2\. Including only billion dollars climate events does seem misleading and
especially prone to statistical bias. Both bias towards local weather around
cities, but also for modern days, partly because of 1.

3\. Population has gone up and cities expanded so there's now a much larger
area to make billion dollars devastation on.

Using percentage of GDP and not setting an arbitrary threshold of a billion
dollars would rectify some of these problems.

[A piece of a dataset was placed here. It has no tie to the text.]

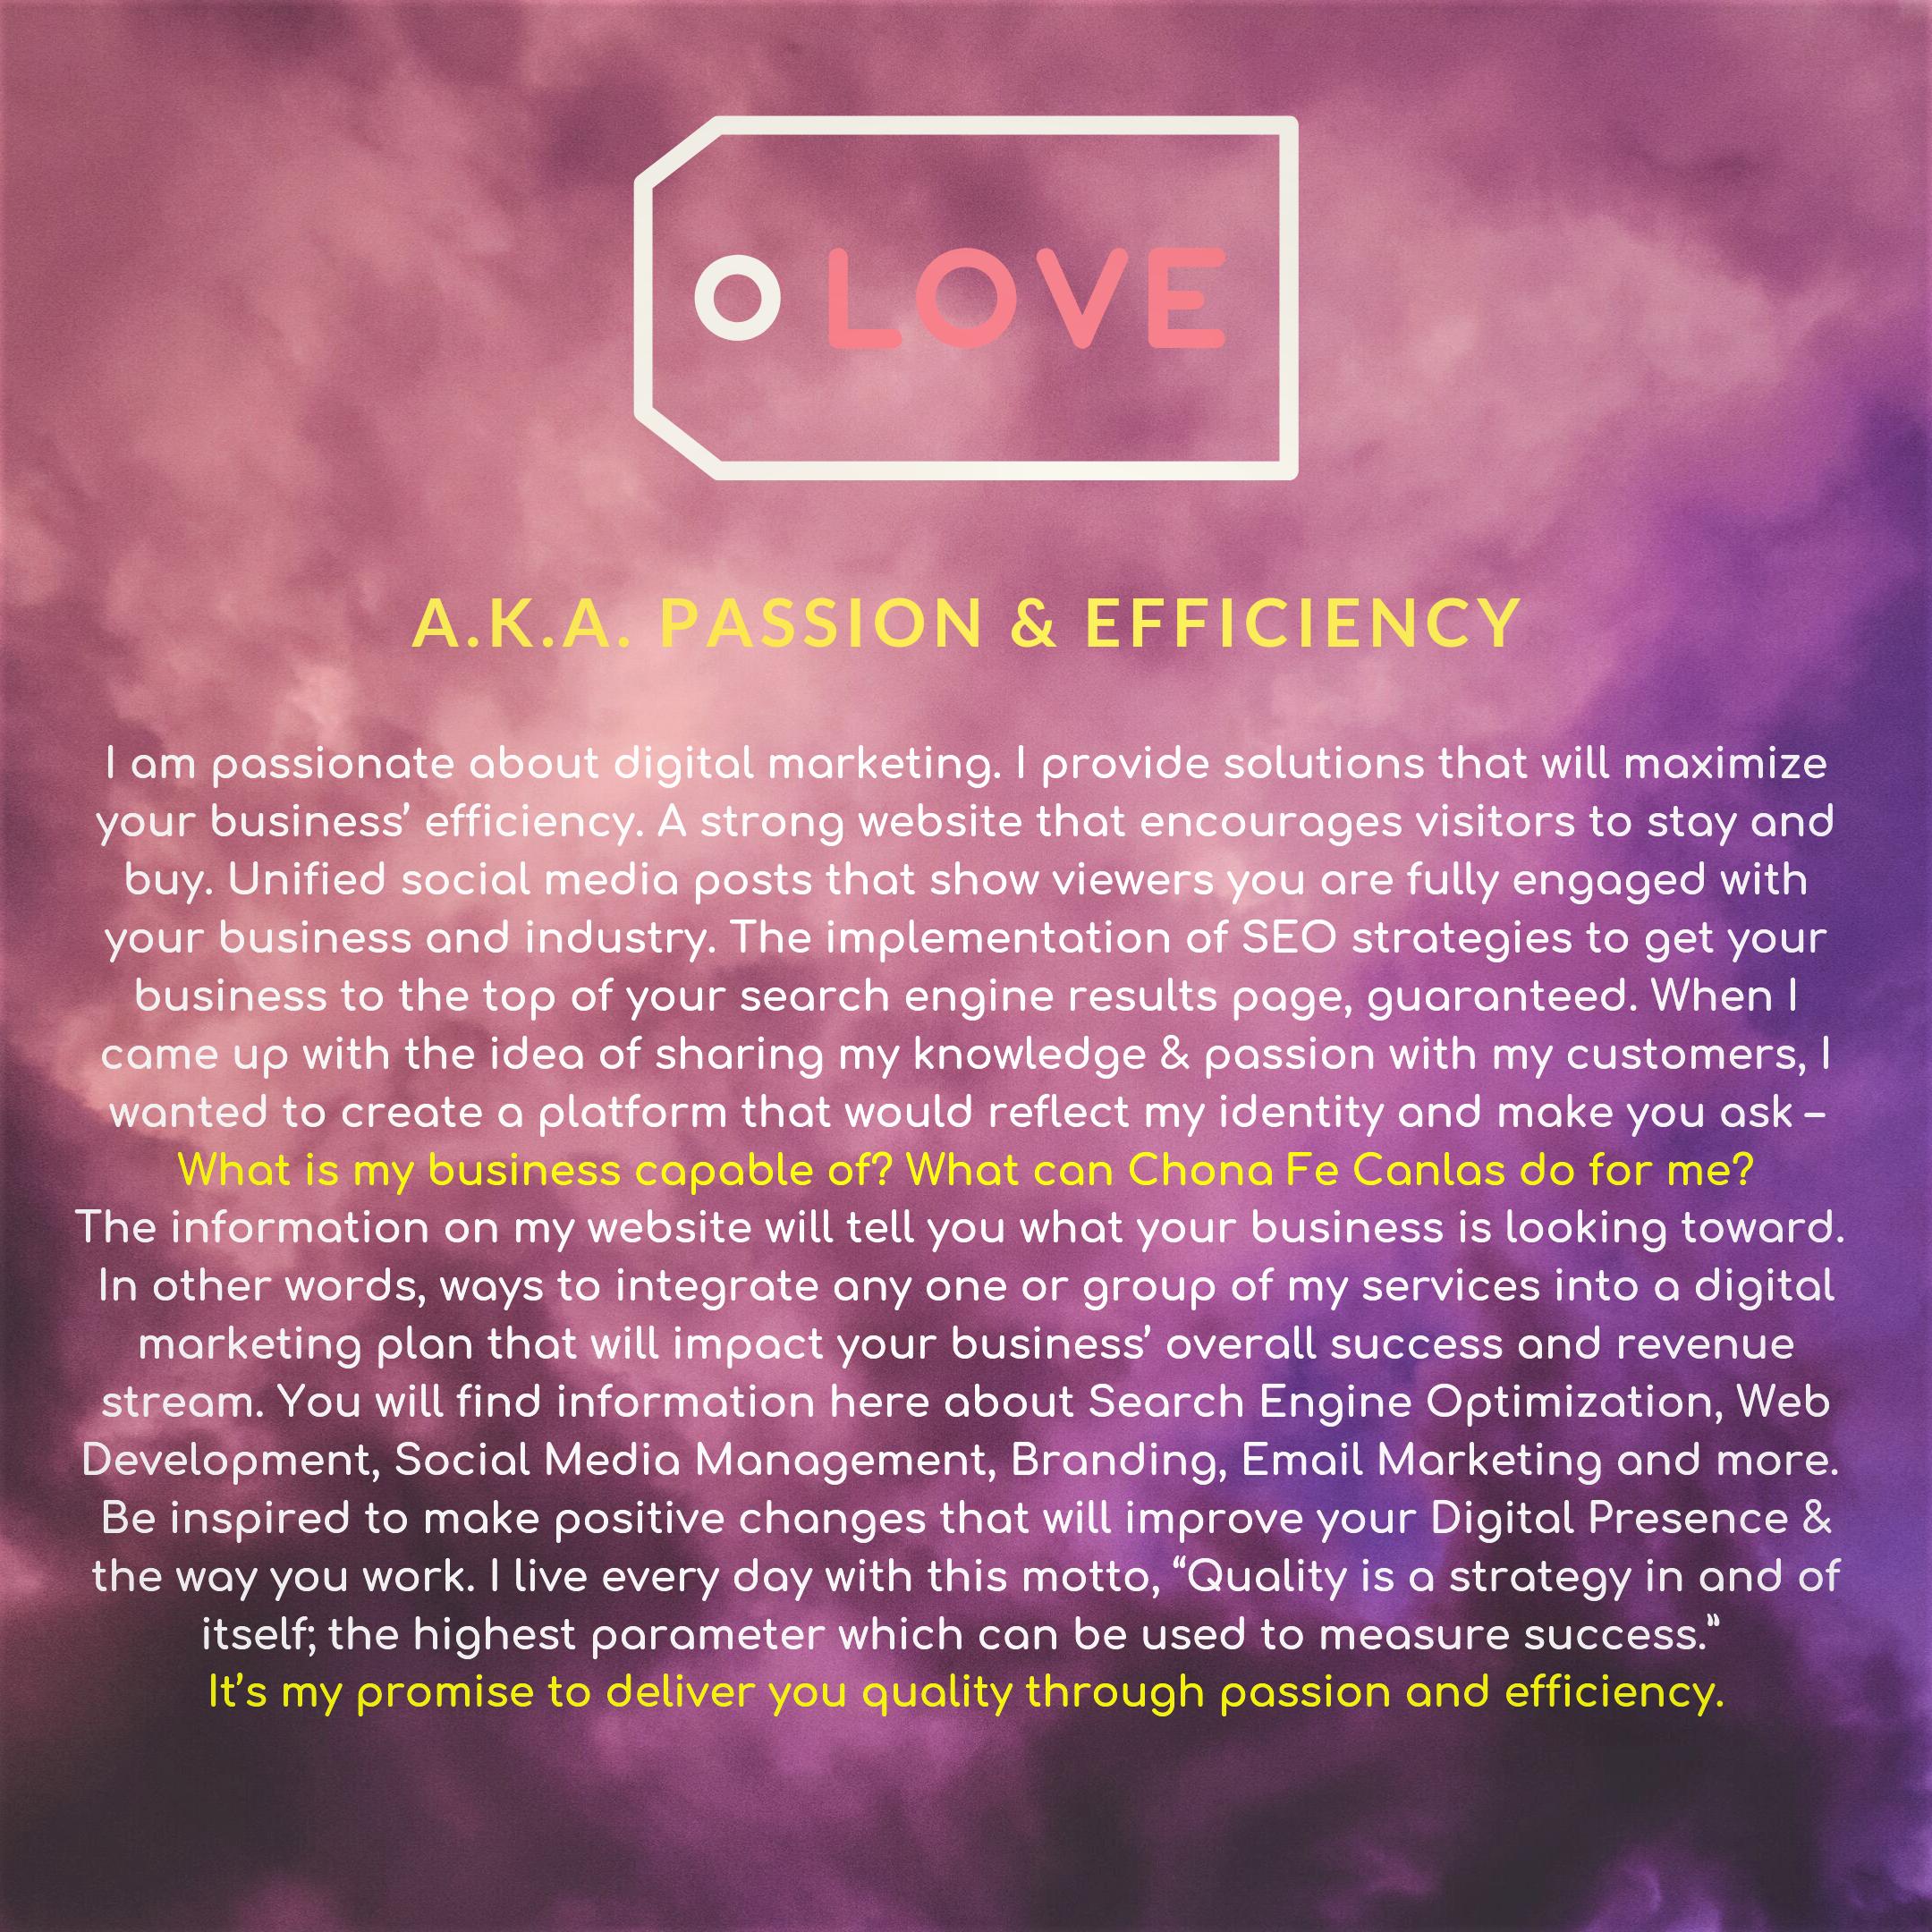 a.k.a. passion & efficiency (2)

An alternative graph is provided
here [2], and on that it's much harder to spot a trend.

[1] [https://www.bankingstrategist.com/housing-prices-hpi-vs-
cpi](https://www.bankingstrategist.com/housing-prices-hpi-vs-cpi)

[2]
[https://www.forbes.com/sites/rogerpielke/2019/11/07/everythi...](https://www.forbes.com/sites/rogerpielke/2019/11/07/everything-
you-hear-about-billion-dollar-disasters-is-wrong/#2c7385322fea)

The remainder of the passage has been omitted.